Key Questions to be Addressed
Key questions to address when analyzing liver safety data comprise:
Are there any true Hy’s law cases in the dataset?
How are changes across different liver tests correlated, and how do those correlations differ between treatment groups?
What is the time dependent incidence of elevations of liver tests in active treatment and comparator arms?

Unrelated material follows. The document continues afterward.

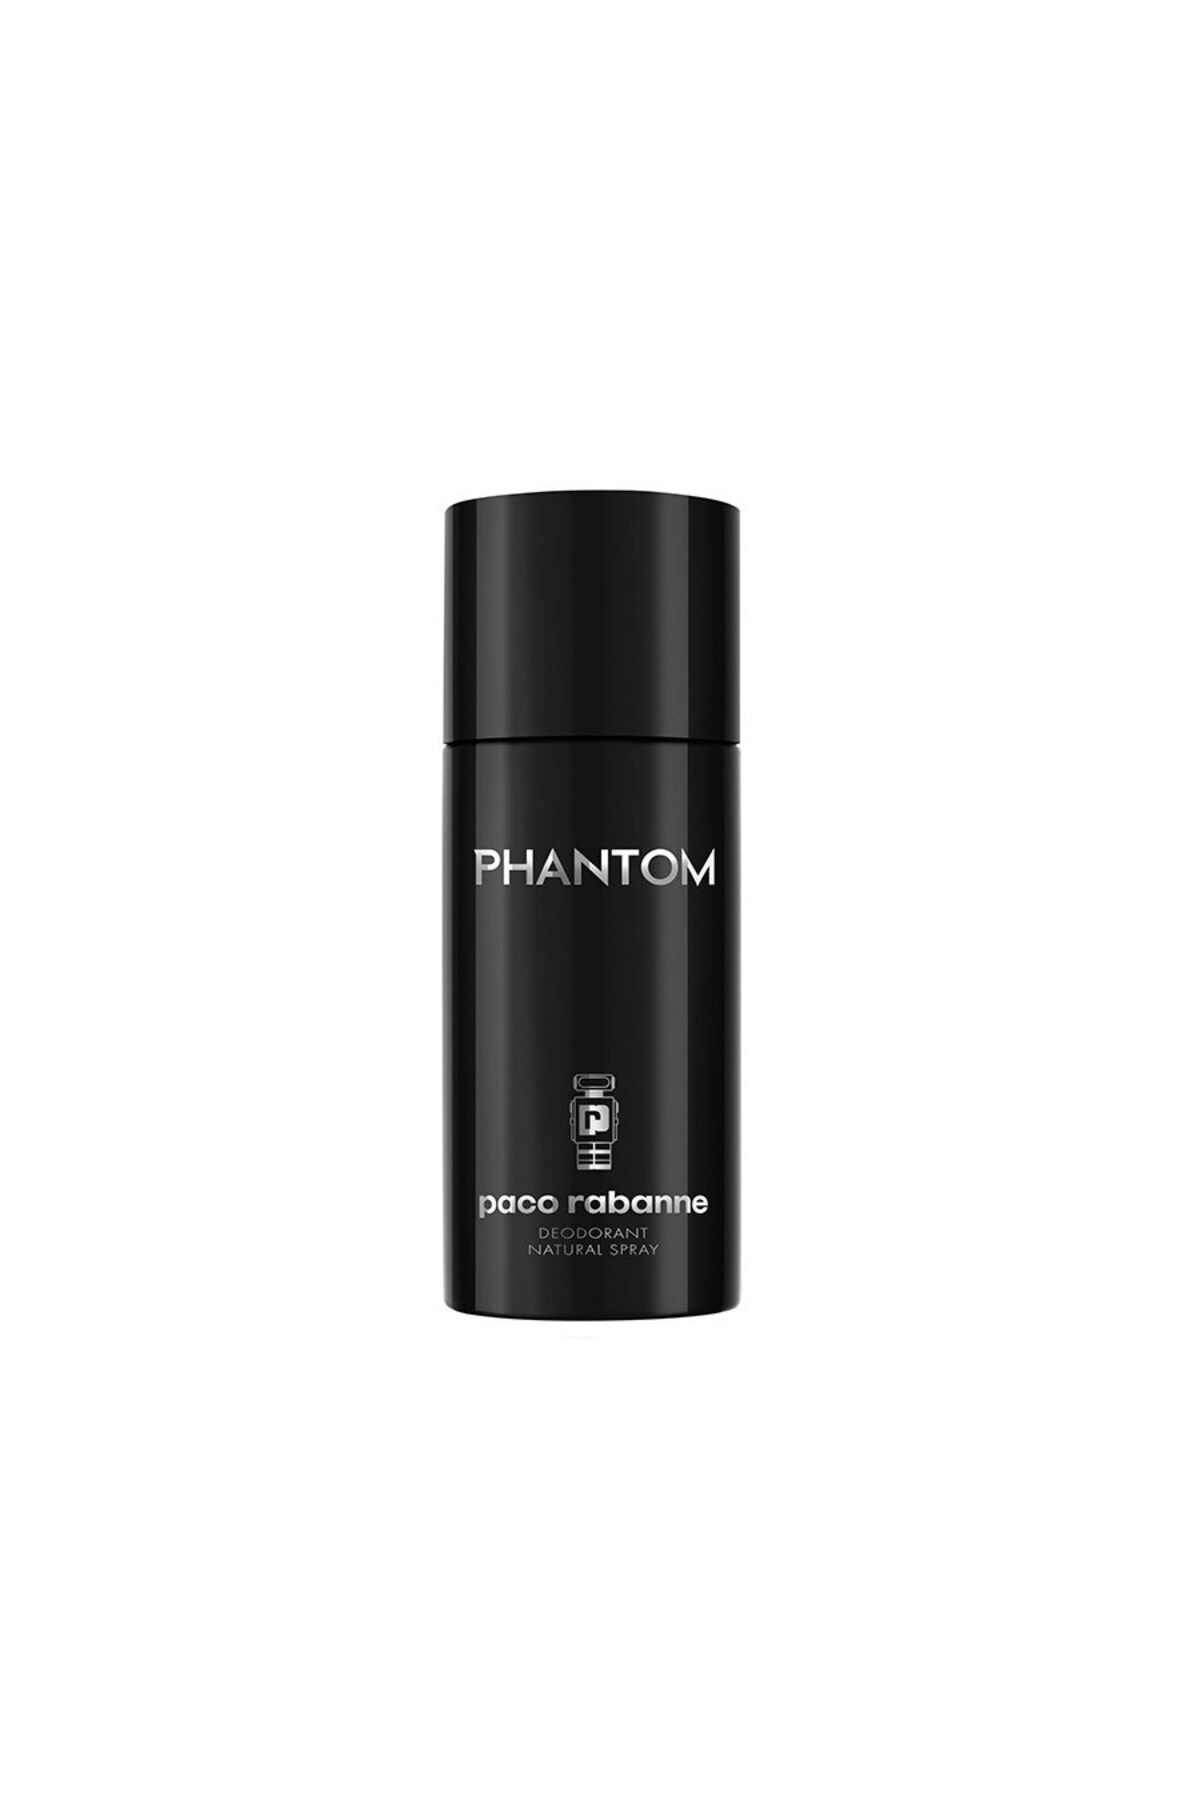 Paco Rabanne Phantom Deo Spray İyi Hissettiren Enerjilerle Beslenen Özgüven 150ml

Is there a “window of susceptibility” in the active treatment arm?
Are shifts from baseline different between treatment groups?
Is there any evidence for a dose-response-relationship?
What do time profiles of individual liver tests or liver test panels look like?
Are liver test changes observed during treatment transient or progressing while a patient is on treatment?
What do time profiles look like after treatment is stopped?
How does intake of certain concomitant medications or occurrence and/or resolution of certain adverse events relate to time profiles of liver tests?
Are liver test elevations correlated with the desired therapeutic effect of the drug?
Are liver test elevations associated with non liver side effects or laboratory abnormalities?
Are liver test elevations associated with pharmacokinetic parameters of the drug (if available)?
To systematically address these questions, a set of standard graph templates can be used and customized as required.
Graph Templates and Systematic Workflow
Correlations
Assessing correlations between liver tests, both absolute values on treatment and changes from baseline, can provide insight into underlying pathology of treatment associated liver effects. Exploring relationships of liver test changes with key covariates such as age, body mass index, gender, ethnicity, may help to identify risk factors for DILI.
eDISH
The key graphical representation to assess a drug’s liver safety profile and to immediately identify cases of special concern is the “eDISH” (evaluation of Drug-Induced Serious Hepatotoxicity plot [14]), a log/log display of correlation between peak TBIL vs. ALT, both in multiples of ULN, with horizontal and vertical lines indicating Hy’s law thresholds, i.e. ALT = 3 × ULN and total bilirubin = 2 × ULN. The eDISH plot makes immediately evident subjects potentially matching Hy’s law laboratory criteria, all located in the upper right quadrant of the graph. Data points in the lower right quadrant, i.e. exceeding 3 × ULN for ALT, but being below 2 × ULN for total bilirubin, suggest an increased risk for liver injury as well, if incidence is differing between active treatment and control groups, however, not to the same extent and with less specificity as compared to Hy’s law.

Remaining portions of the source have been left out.